Round Rock Independent School District (RRISD) is a school district headquartered in the city of Round Rock, Texas, United States. As of 2022, the school district serves over 48,000 students, prekindergarten through grade 12.

District boundaries are approximately 110 sqmi and include 56 schools that serve students in southern Williamson County, northwest Travis County, the city of Round Rock and portions of the cities of Austin and Cedar Park.

Student enrollment for the 2023–2024 school year is 47,699. Round Rock ISD employs approximately 6,340 employees.

==History==
On May 17, 1913, the Williamson County government approved incorporation of Williamson County Common School District #19, forming RRISD. Originally, the district consisted of only two schools.

==Schools==
===Public schools of choice===
Round Rock ISD public schools of choice provides students access to innovative programming that engages and taps into their specific interests, aspirations and preferred learning styles.

===Secondary schools===
====High schools====
- Cedar Ridge High School (CRHS)
- Success High School (SHS), a Round Rock ISD public school of choice
- Early College High School (ECHS), a Round Rock ISD public school of choice that provides students with up to 60 college credit hours towards a bachelor's degree
- McNeil High School (MHS), a Capital Area Regional Day School for the Deaf (9-12).
- Round Rock High School (RRHS)
- Stony Point High School (SPHS), a Round Rock ISD public school of choice featuring the IB Diploma Program
- Westwood High School (WHS), a Round Rock ISD public school of choice featuring the IB Diploma Program

====Middle schools====
- C.D. Fulkes Middle School
- Canyon Vista Middle School
- Cedar Valley Middle School
- Chisholm Trail Middle School
- Deerpark Middle School and Capital Area Regional Day School for the Deaf (6-8)
- Grisham Middle School, a Round Rock ISD public school of choice featuring the IB Secondary Years Program School
- Hernandez Middle School, a Round Rock ISD public school of choice featuring the IB Secondary Years Program School
- Hopewell Middle School
- Pearson Ranch Middle School
- Ridgeview Middle School
- Walsh Middle School

====Alternative schools====

- GOALS Learning Center (GOALS)
- Round Rock Opportunity Center (RROC)

===Primary schools===
====Elementary schools====
- Anderson Mill Elementary School, a Round Rock ISD public school of choice featuring the IB Primary Years Program
- Claude Berkman Elementary Arts Integration Academy, a Round Rock ISD public school of choice
- Blackland Prairie Elementary School and Leadership Academy, a Round Rock ISD public school of choice
- Bluebonnet Elementary School
- Brushy Creek Elementary School
- Cactus Ranch Elementary School
- Caldwell Heights Elementary School, a Round Rock ISD public school of choice featuring the IB Primary Years Program
- Neysa Callison Elementary School
- Canyon Creek Elementary School
- Kathy Caraway Elementary School (formerly North Oaks Elementary.

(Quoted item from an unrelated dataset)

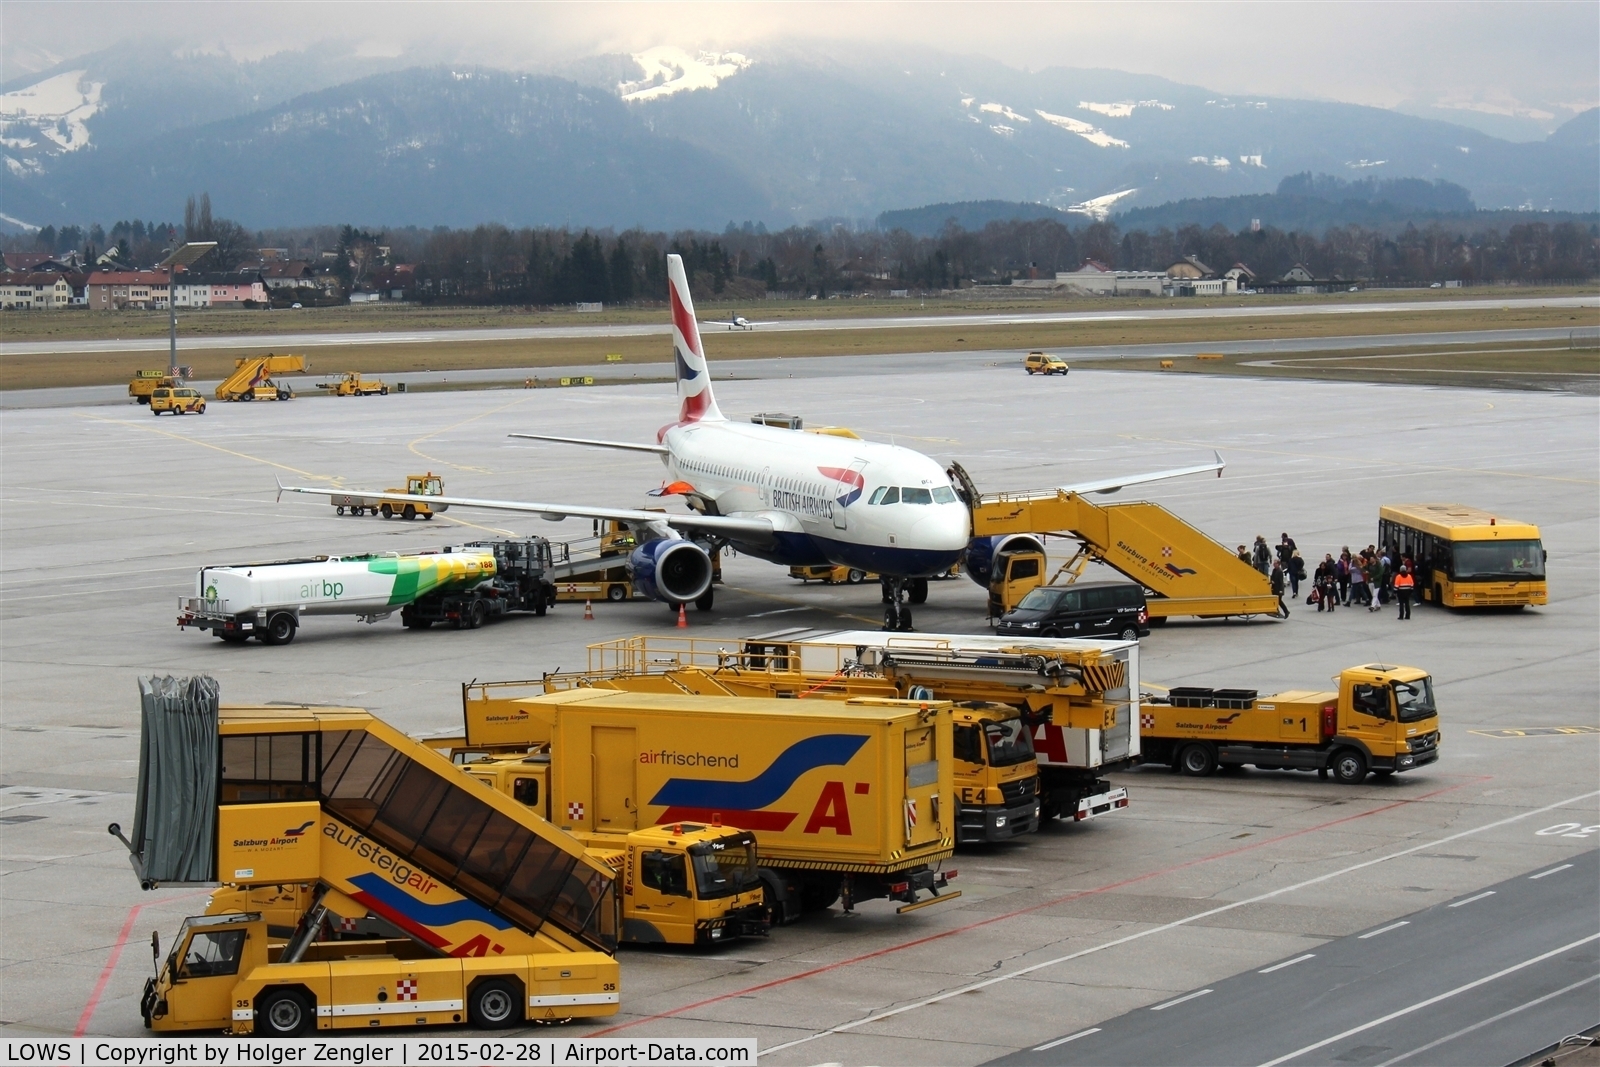 Salzburg Airport, Salzburg Austria (LOWS) - Apron overview....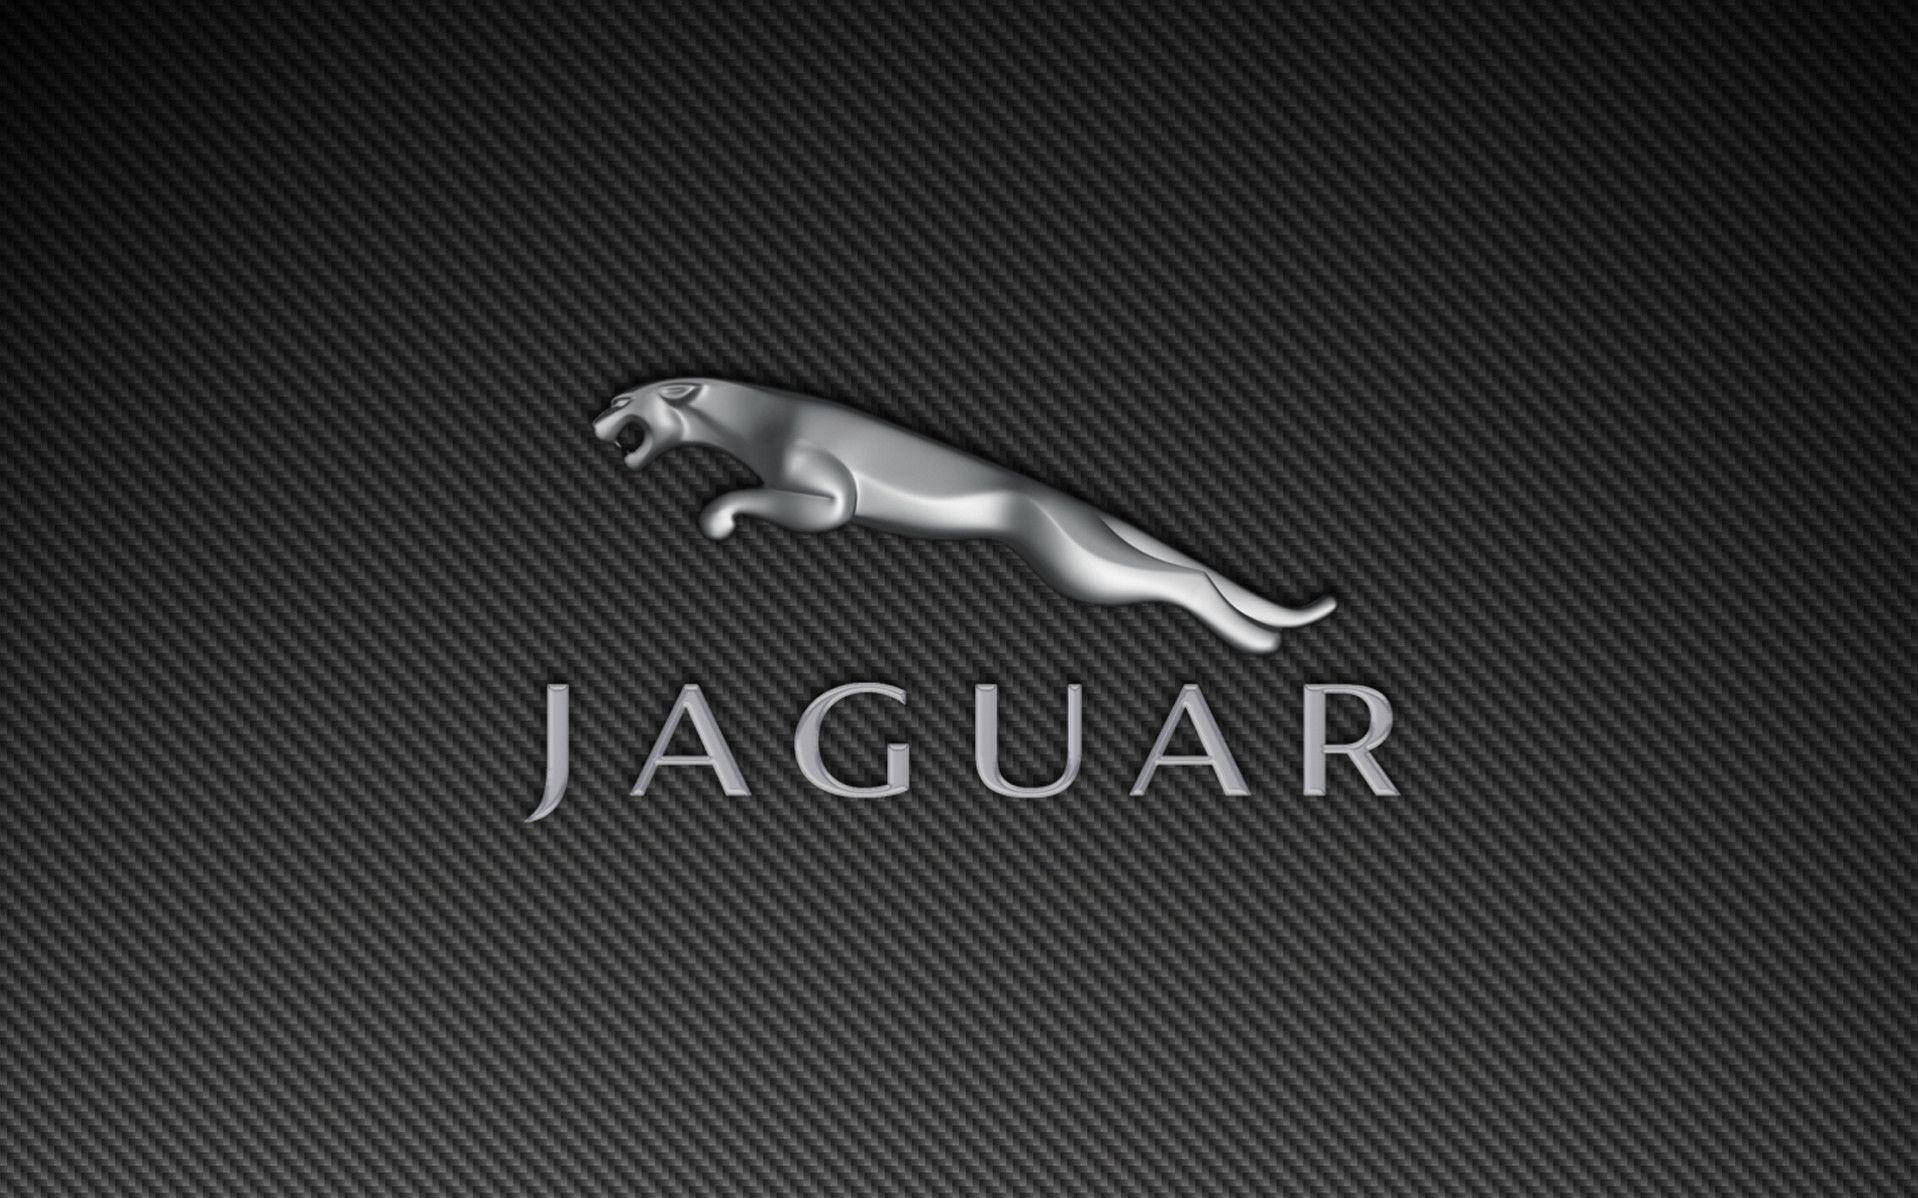 Jaguar Logo For Car Brands Wallpaper

Name changed in 2005.)
- Chandler Oaks Elementary School, a Round Rock ISD public school of choice featuring the IB Primary Years Program
- Deep Wood Elementary School
- Double File Trail Elementary School and Leadership Academy, a Round Rock ISD public school of choice
- Elsa England Elementary School, a Round Rock ISD public school of choice featuring Project Lead the Way
- Fern Bluff Elementary School
- Forest Creek Elementary School
- Forest North Elementary School
- Gattis Elementary School
- Great Oaks Elementary School and Leadership Academy, a Round Rock ISD public school of choice
- Linda Herrington Elementary School
- Joe Lee Johnson Elementary STEAM Academy, a Round Rock ISD public school of choice
- Jollyville Elementary School
- Laurel Mountain Elementary School
- Live Oak Elementary School and Capital Area Regional Day School for the Deaf (K-5)
- Old Town Elementary School
- Pond Springs Elementary School
- Purple Sage Elementary School
- Vic Robertson Elementary School
- Patsy Sommer Elementary School
- Redbud Elementary School
- Spicewood Elementary School, a Round Rock ISD public school of choice featuring the IB Primary Years Program
- Teravista Elementary School and Leadership Academy, a Round Rock ISD public school of choice
- Union Hill Elementary School
- Xenia Voigt Elementary Arts Integration Academy
- Wells Branch Elementary Arts Integration Academy, a Round Rock ISD public school of choice

===Alternative school===
- Elementary Disciplinary Alternative Education Program (DAEP)

==Statistics==

2018-2019 Information
|  | RRISD | Statewide |
|---|---|---|
| Beginning teachers' salary | $50,250 | $48,996 |
| Average teachers' number of years experience | 11% | 11.1% |
| Economically disadvantaged students | 27.9% | 60.6% |
| Students with limited English proficiency | 10.2% | 19.5% |
| Student / teacher ratio | 15 | 15.1 |

Demographics
- African American: 9.0%
- Hispanic: 30.7%
- White: 38.2%
- American Indian: 0.4%
- Asian: 17.7%
- Pacific Islander: 0.2%
- Two or more races: 4%

==Governance==
The Round Rock Independent School District is governed by a seven-member Board of Trustees, who are elected at-large to serve staggered four-year terms. As of February 2025, the board is composed of:

Round Rock Independent School District Board of Trustees
| Place | Name | Position | Term |  |
|---|---|---|---|---|
| 1 | Chuy Zárate | Trustee | 2024 | 2028 |
| 2 | Melissa Ross | Trustee | 2024 | 2028 |
| 3 | Amber Feller | Secretary | 2022 | 2026 |
| 4 | Alicia Markum | Vice president | 2022 | 2026 |
| 5 | Amy Weir | Secretary | 2022 | 2026 |
| 6 | Tiffanie Harrison | President | 2022 | 2026 |
| 7 | Michael Wei | Trustee | 2024 | 2028 |

==Special Facilities==

The Round Rock Independent School District has 14 special facilities as of January 2022.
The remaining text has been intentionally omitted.